Diarrhoeal disease remains a leading cause of mortality worldwide. Most deaths are in young children in developing countries. In industrialised nations, viral gastroenteritis is one of the most common illnesses in all age groups and a major cause of morbidity. In the UK, around 20% of the UK population will have an infectious intestinal disease each year, and of those that present to primary care most will have a viral infection.[2]

Norovirus, sapovirus, and rotavirus are, in order of frequency, the most commonly identified viral pathogens responsible for gastroenteritis.[3] Rotaviruses are most common in children (in countries without rotavirus vaccination programmes); noroviruses affect all ages.[4] 

For information on the diagnosis and management of viral gastroenteritis in children, see our topic Viral gastroenteritis in children.

Norovirus infection can occur year-round, but is most common in winter.

Risk factors

Several foodborne or waterborne outbreaks of viral gastroenteritis occur every year. Noroviruses are the most common agents isolated from contaminated food or water sources.

Cases tend to cluster, and airborne transmission can occur with noroviruses and coronaviruses. Outbreaks on cruise ships and in daycare centres are thought to be due to close contact.

Most of the viruses are spread by the faecal-oral route from person to person.[10]
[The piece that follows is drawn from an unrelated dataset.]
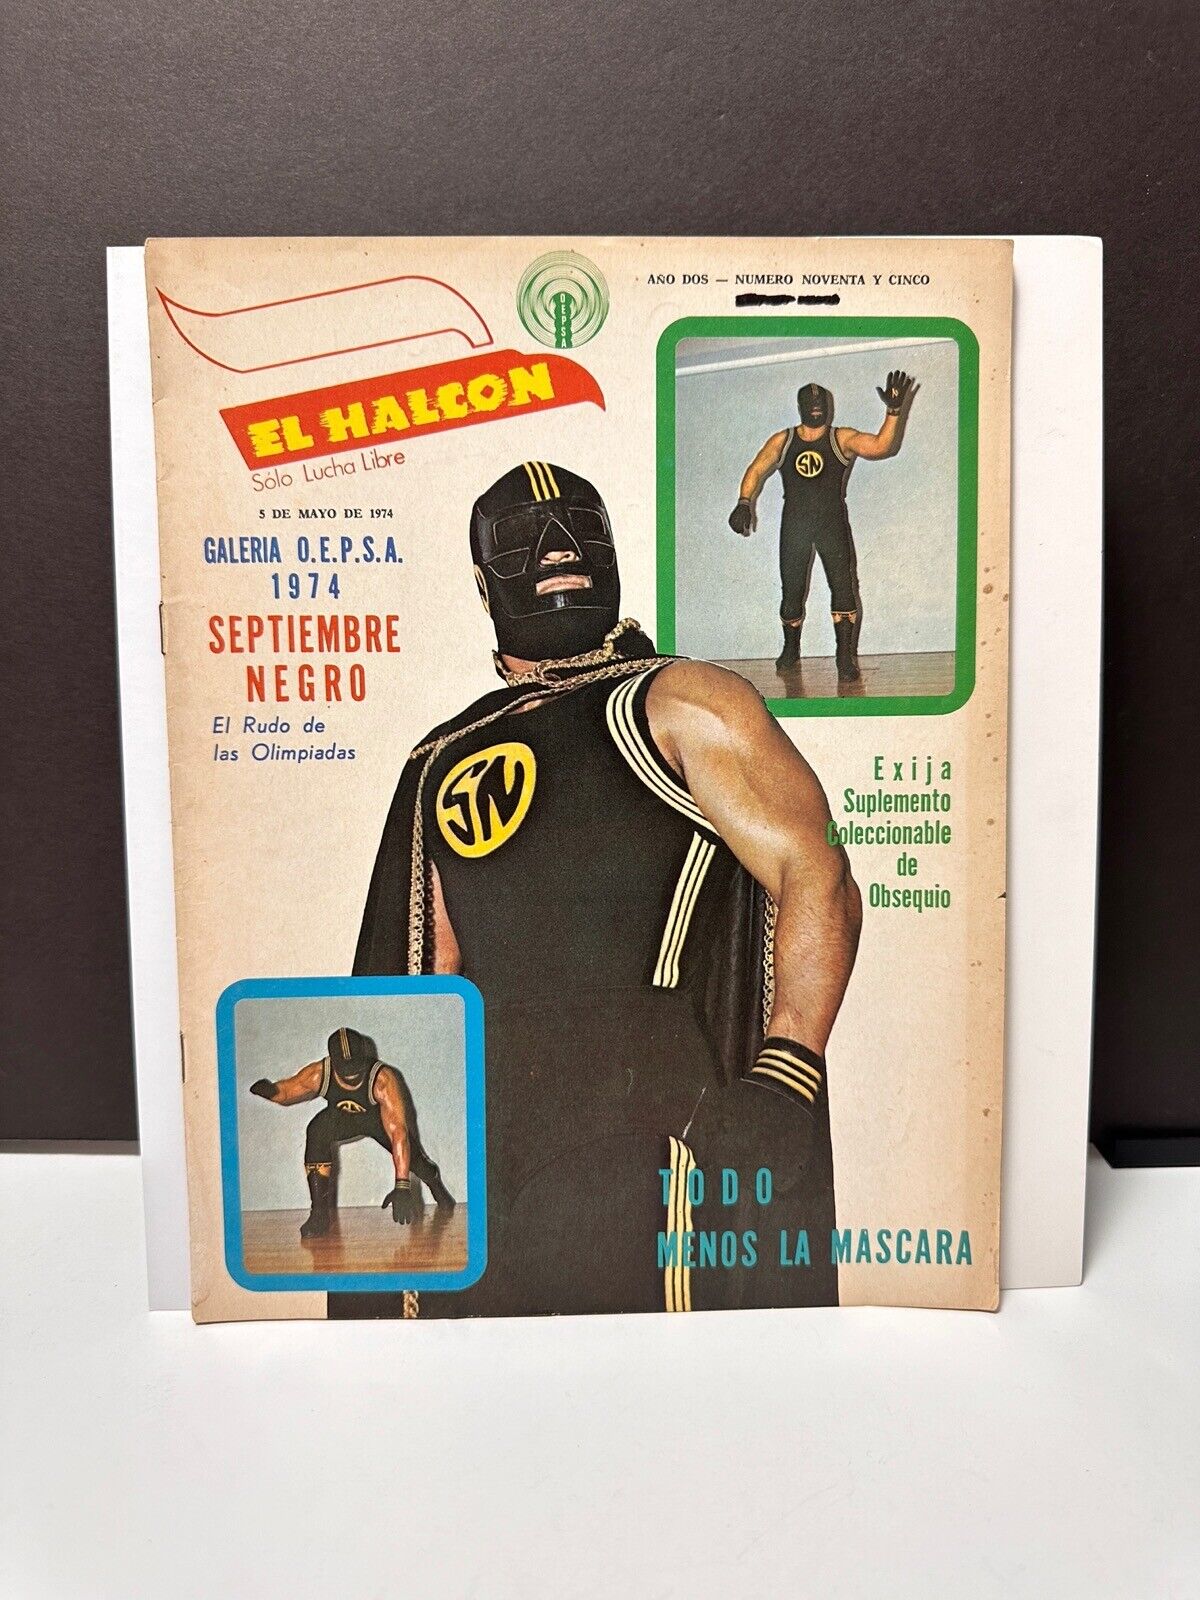 El Halcon #95 MACC DIVISION Vintage Wrestling Magazine (1974) Septiembre Negro

Severe dehydrating diarrhoea occurs in very young children and very old adults.

Virtually every child in developing countries has had multiple episodes of viral gastroenteritis by age 5.

People infected with HIV tend to develop atypical and prolonged illness.

Organ transplant recipients tend to develop atypical and prolonged illness.

People who have multiple comorbidities are prone to serious complications and should be followed closely.